I checked one of these (mc1020) and noticed that the majority of it space is held by Echo still.

mc1020 Breakdown of redis key scan
* 2.9M   :echo:seen
*   180K centralauth:session:
*    28K :MWSession:
*    11K ChronologyProtector:
*    11K (everything else)

This is quite likely the reason we are still seeing pre-emptive evictions from the MW MainStash. I was hoping that perhaps these evictions are just Redis slowly cleaning up the now-unused Echo keys.
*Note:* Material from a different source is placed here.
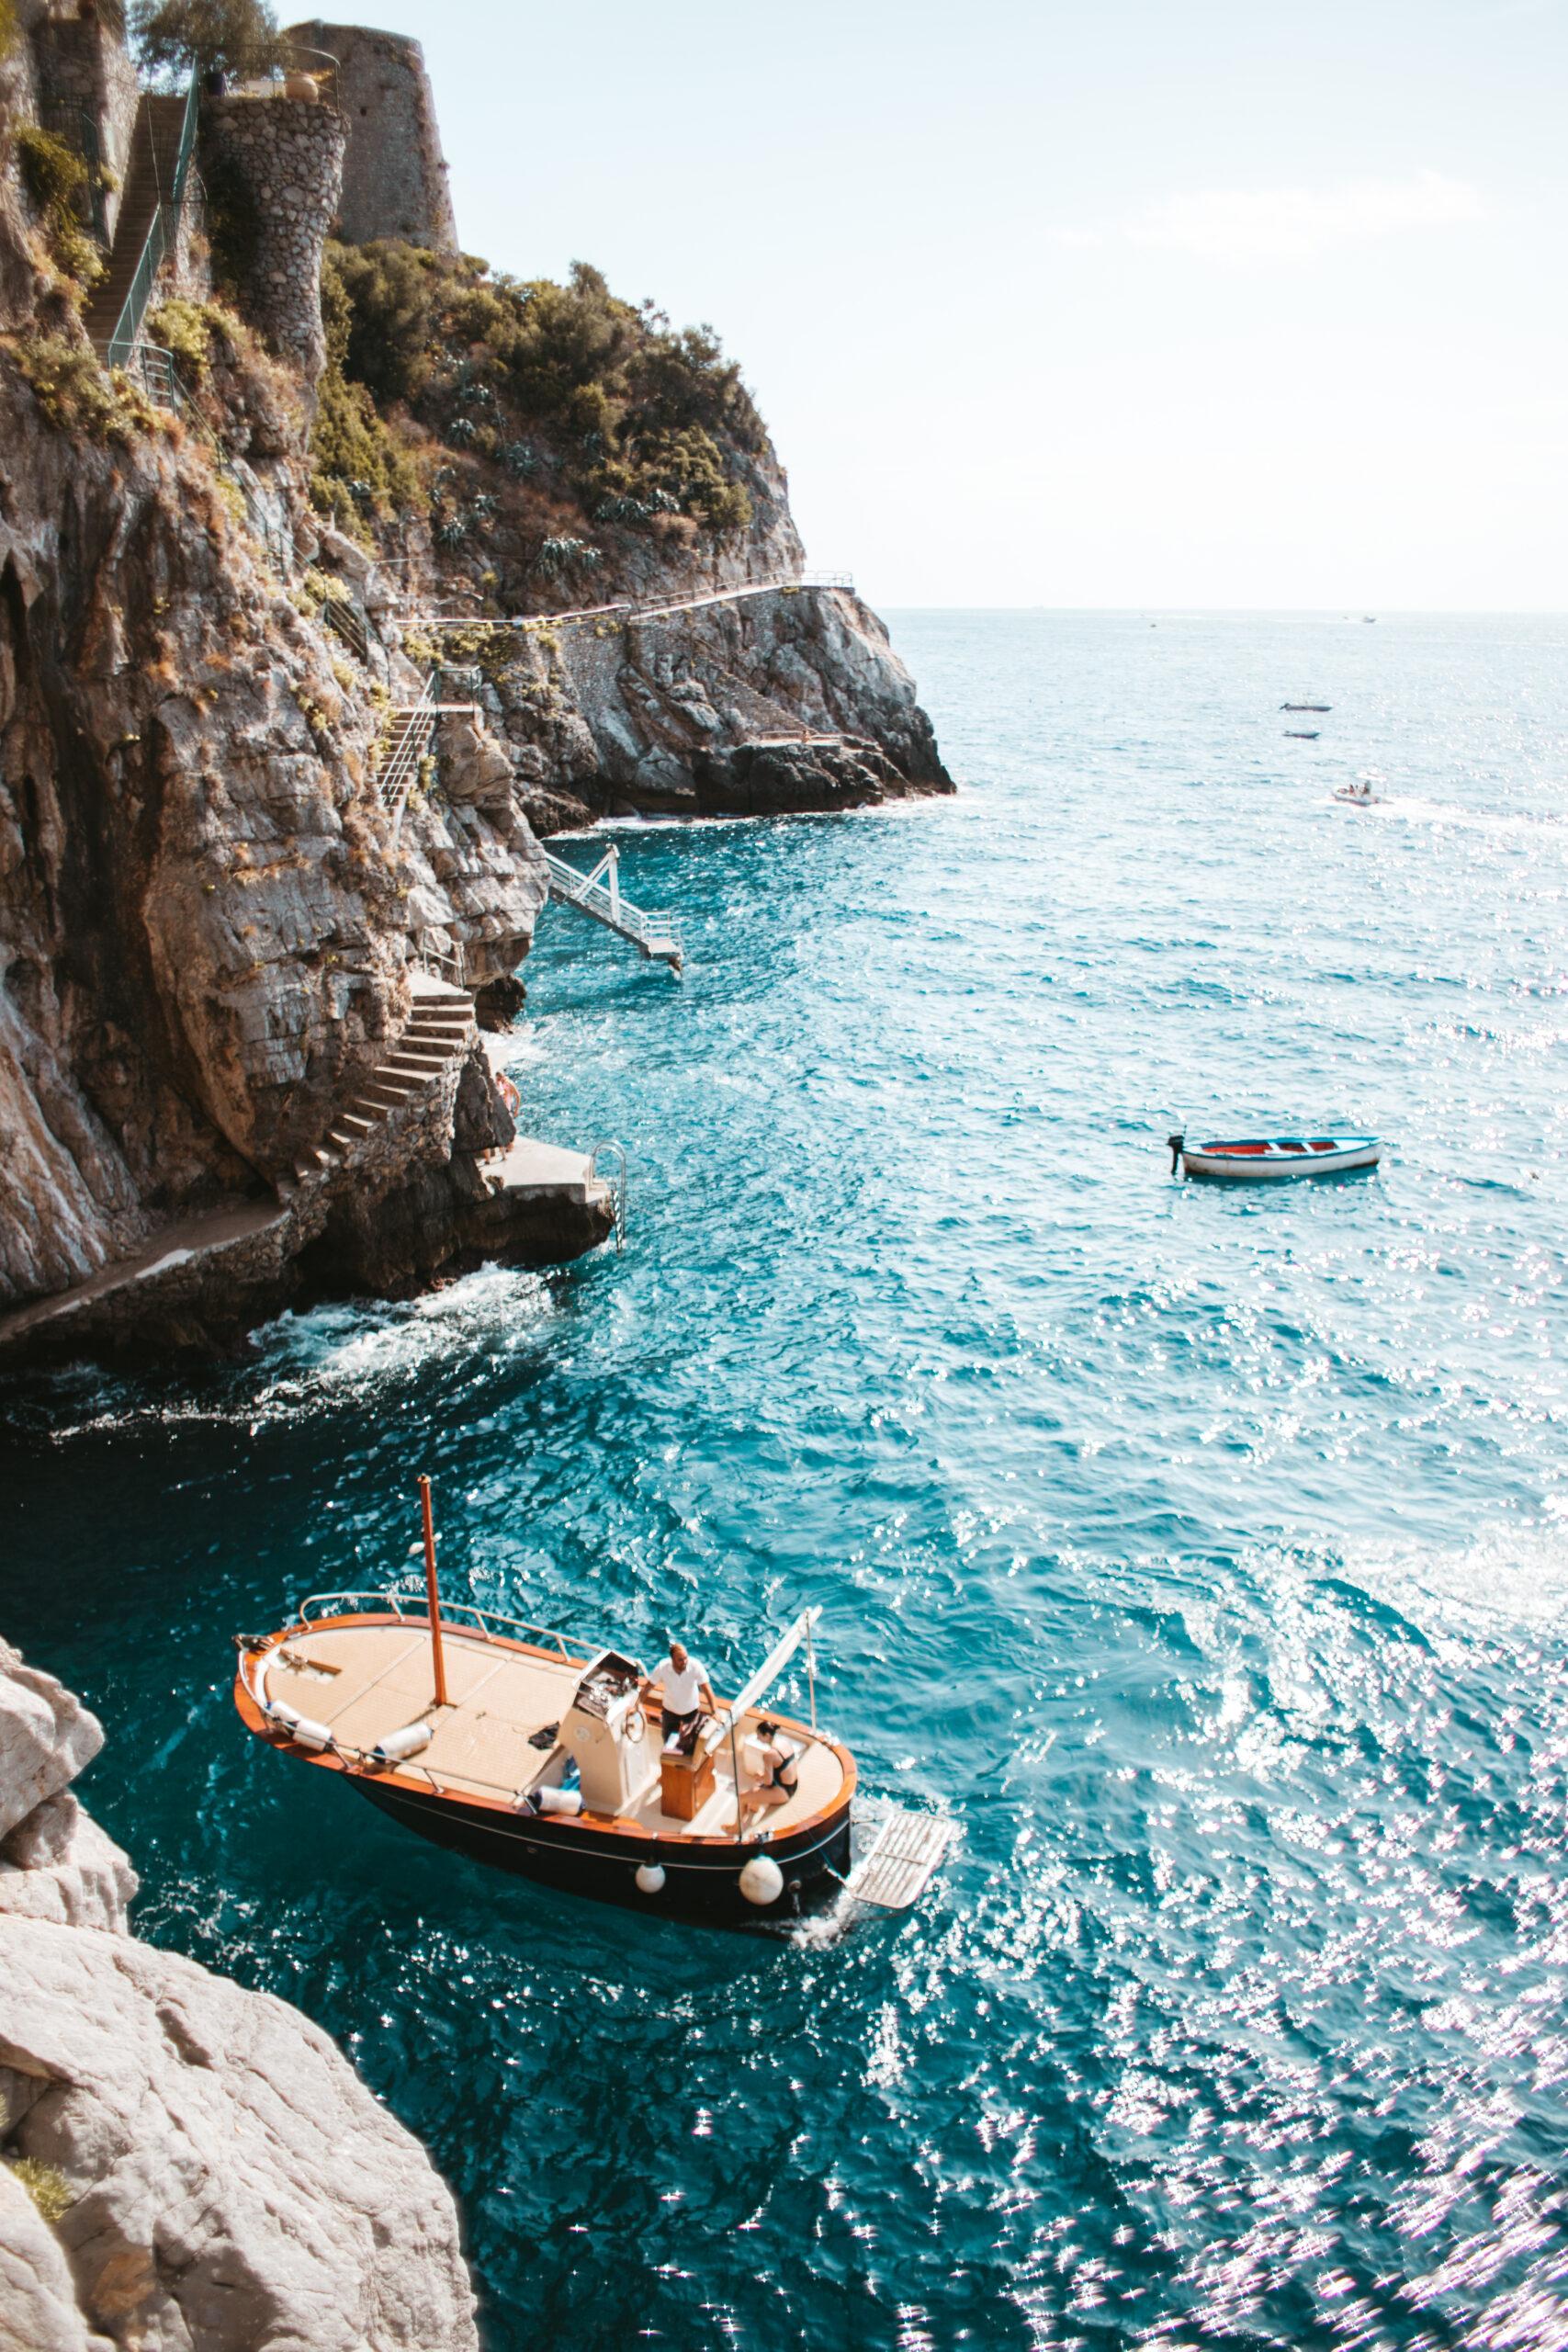 Wybrzeże Amalfi klif, Praiano, Positano, ruiny zamku, łódka, jaskinia, motorówka

However that doesn't make sense because:

50+ evictions per second150K evicions per hour3M evictions per day

The Redis mainstash was last written to by Echo in October 2019 (T222851), so those would've been evicted all by now if it was just that.

Instead, I suspect rather that it was/is at capacity and thus is regularly evicting about as many keys as were added at a fairly constant rate, and those evictions are (to a first approximation) random, thus affecting newer data as well.
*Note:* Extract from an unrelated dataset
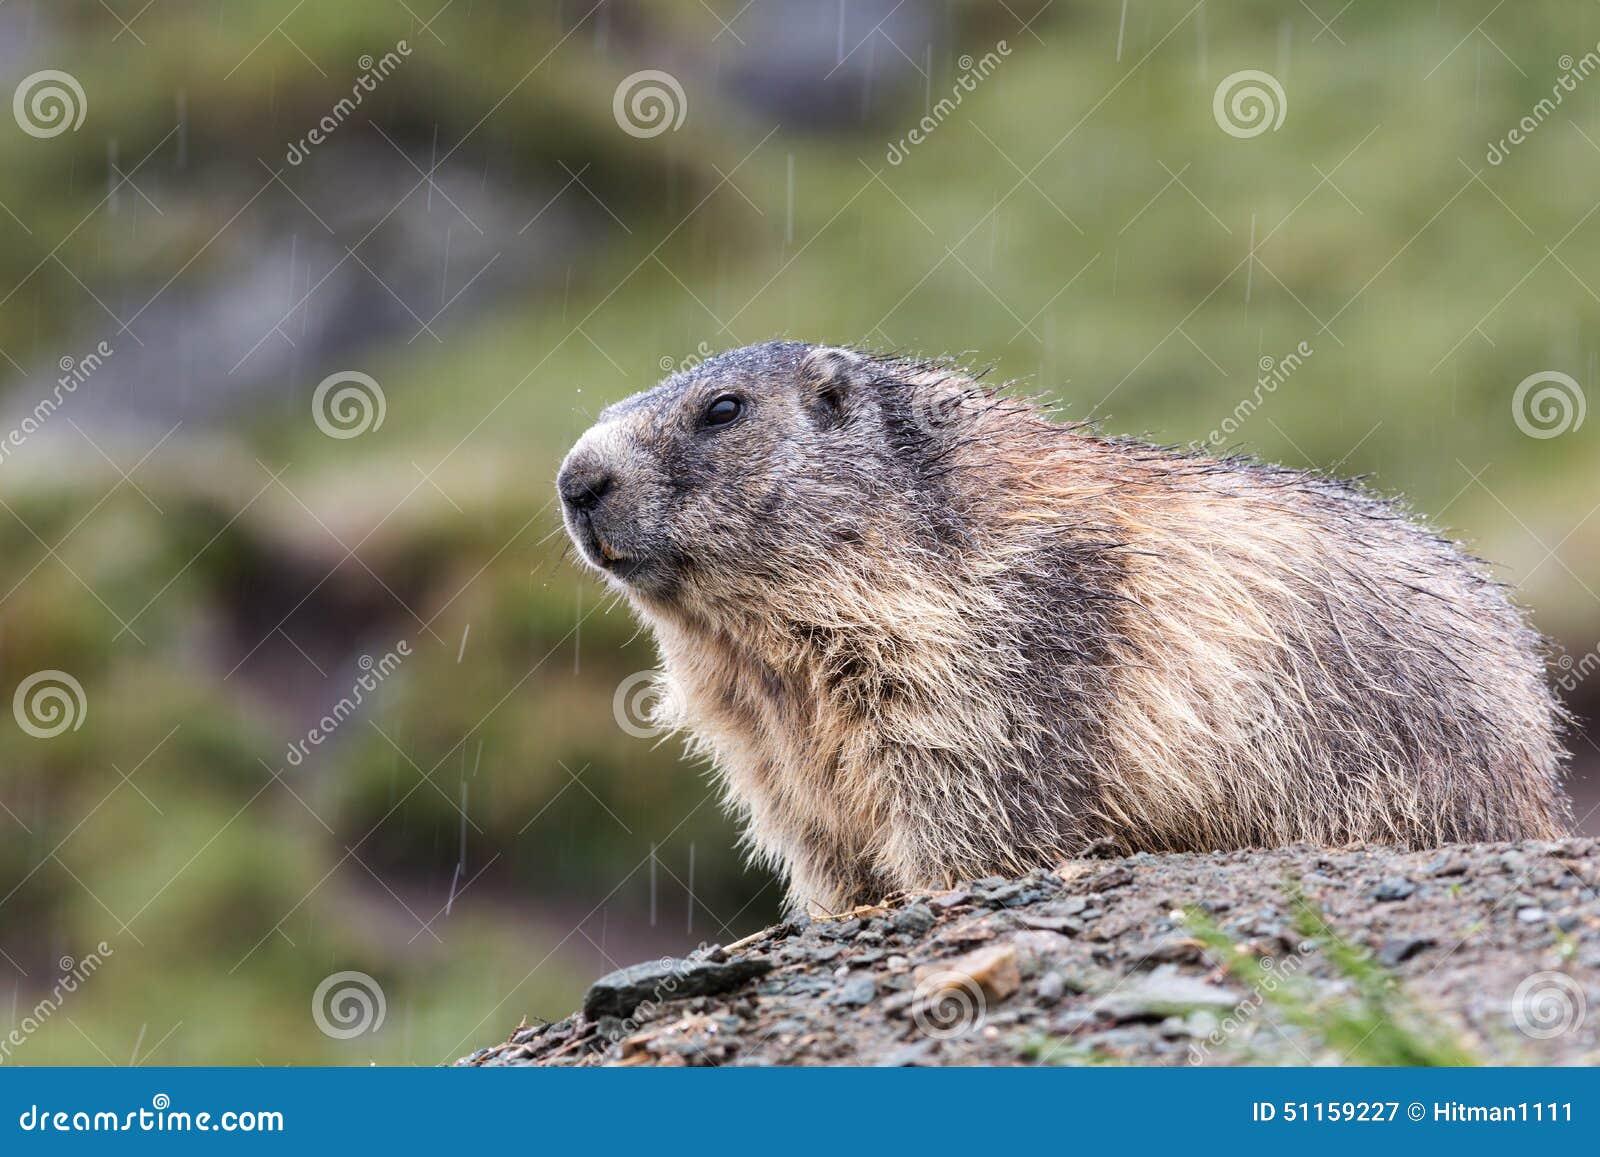 土拨鼠大叫阳光动图_土拨鼠大叫状态动图表情无表情表情包猛烈图片

Best I can tell, the migration in Oct 2019 (T222851) was final and complete, so these are probably safe to remove all now. But I'll wait for confirmation from @Catrope to approve that before I do that.
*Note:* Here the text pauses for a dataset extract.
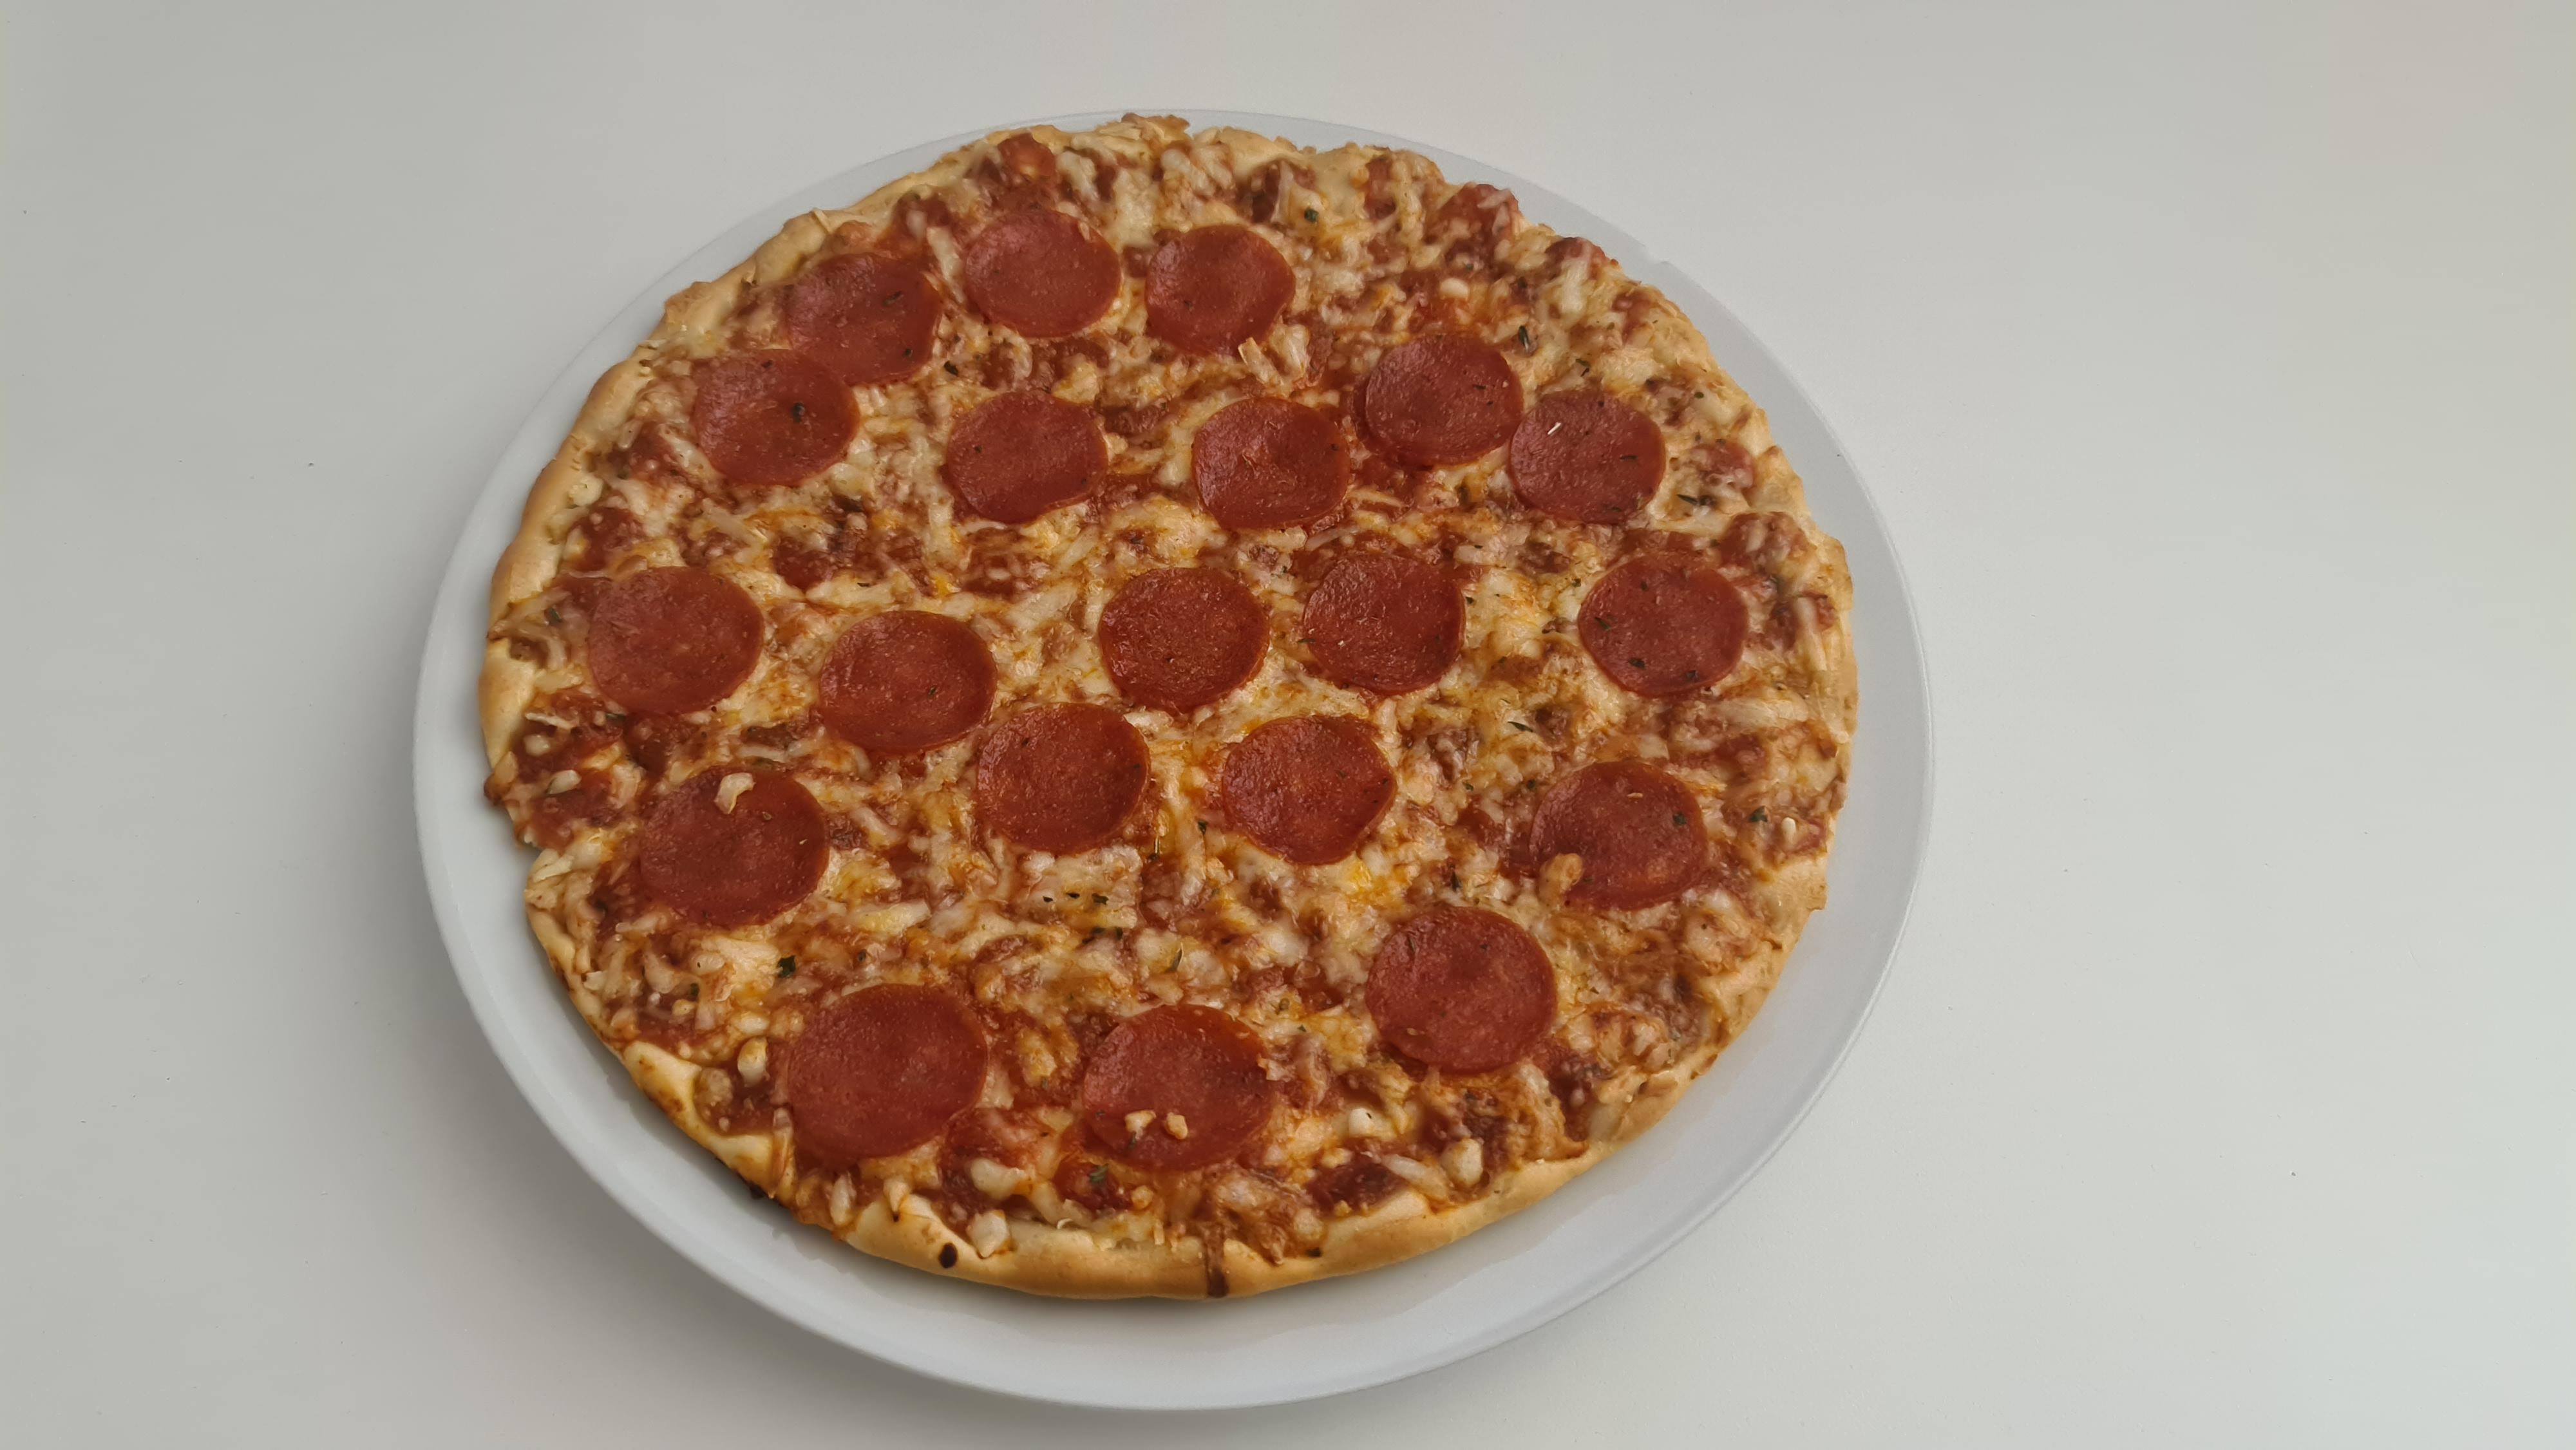 https://foodloader.net/Holz_2020-07-18_Pizza.jpg

From a few spot checks, it looks like most if not all of these actually have no meaningful value (e.g. the 19700101000001 epoch default), and also no TTL setl. That would explain why Redis is trying its best to keep them around still.

As part of T222851, these issues were already fixed. They were given a TTL of 1 year, and Echo no longer stores these "empty" epoch values (it just deletes the key instead of overwriting with Epoch). So at least this portion of keys is fine to remove, even in the hyptothetical case that something still uses this and/or in the event we were to switch back.

Script is at P11211, which I ran on mc1020. This freed up 80% of its storage capacity and there are no longer pre-emptive evictions taking place. Yay :)

Screenshot 2020-05-16 at 17.52.06.png (588×2 px, 242 KB)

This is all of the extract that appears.